Genetic identification and characterization of genes involved in the 2-C-methyl-D-erythritol 4-phosphate pathway for early isoprenoid biosynthesis in Salmonella typhimurium

Isoprenoid compound are essential for all living organisms. Despite their structural diversity, all isoprenoids are biosynthesized from two five carbon isomers, isopentenyl diphosophate (IPP) and dimethylallyl diphosophate (DMAPP). Until recently, it was thought IPP and DMAPP were biosynthesized exclusively by the mevalonate (MVA) pathway. While this pathway is utilized exclusively in eukaryotes and archae, another pathway for the biosynthesis of IPP and DMAPP exists. The 2-C-methyl-D-erythritol 4-phosphate (MEP) pathway has been recently elucidated and is used exclusively by many gram negative and some gram positive bacteria as well as by some apicomplexan parasites. Plants utilize both pathways. The MVA pathway is utilized for the production of cytosolic isoprenoids, while the orthogonal MEP pathway is used in the plastids.
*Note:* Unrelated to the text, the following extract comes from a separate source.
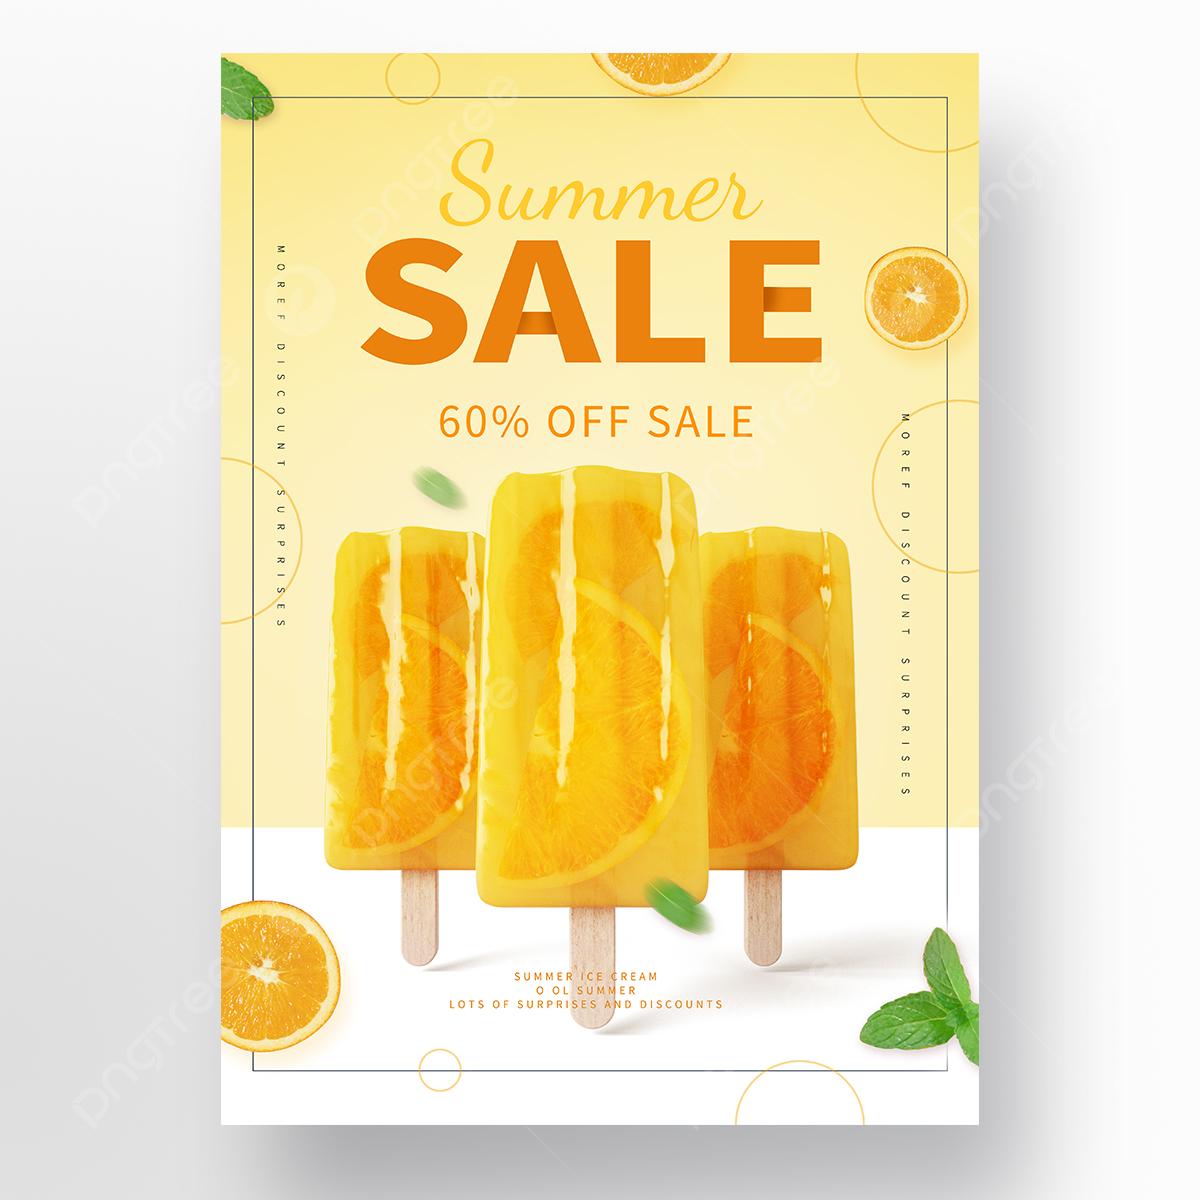 Poster Promosi Es Krim Jeruk Popsicle Segar Musim Panas Templat Untuk Unduh Gratis Di Pngtree

The parallel nature of these two essential pathways in eukaryotes and bacteria makes the MEP pathway an attractive target for the development of antimicrobial agents. While the biochemical steps for enzyme mediated conversion of pyruvate and glyceraldehyde 3-phosphate to IPP and DMAPP via the MEP pathway have been elucidated, little is known about the genetic aspects of the pathway.; Chapter 1 of this dissertation provides a review of the literature and outlines the biochemical steps involved in the MEP pathway. The development of a S. typhimurium strain possessing a synthetic operon for the conversion of MVA to IPP is discussed in Chapter 2. The synthetic operon provides an alternate metabolic route for the biosynthesis of essential isoprenoids. Therefore, mutants with disruptions in the MEP pathway can be isolated and studied. Chapters 3 and 4 describe screens for novel MEP pathway genes using different methods of random mutagenesis. Isolation of mutants using a random Mud-Cam transposon insertion resulted in the identification of the sorbitol phosphoenolpyruvate:phosphotransferase system as the cellular machinery involved in the uptake and phosphorylation of exogenously supplied 2-C-methyl-D-erythritol. Screens using DES as a chemical mutagen were useful in isolating metabolic blocks in the MEP pathway and identifying key amino acids in the catalytic enzymes. Chapter 5 discusses the inconsistencies observed between these two screening methods. Experiments were designed to probe the genomic context and regulation of the MEP pathway genes.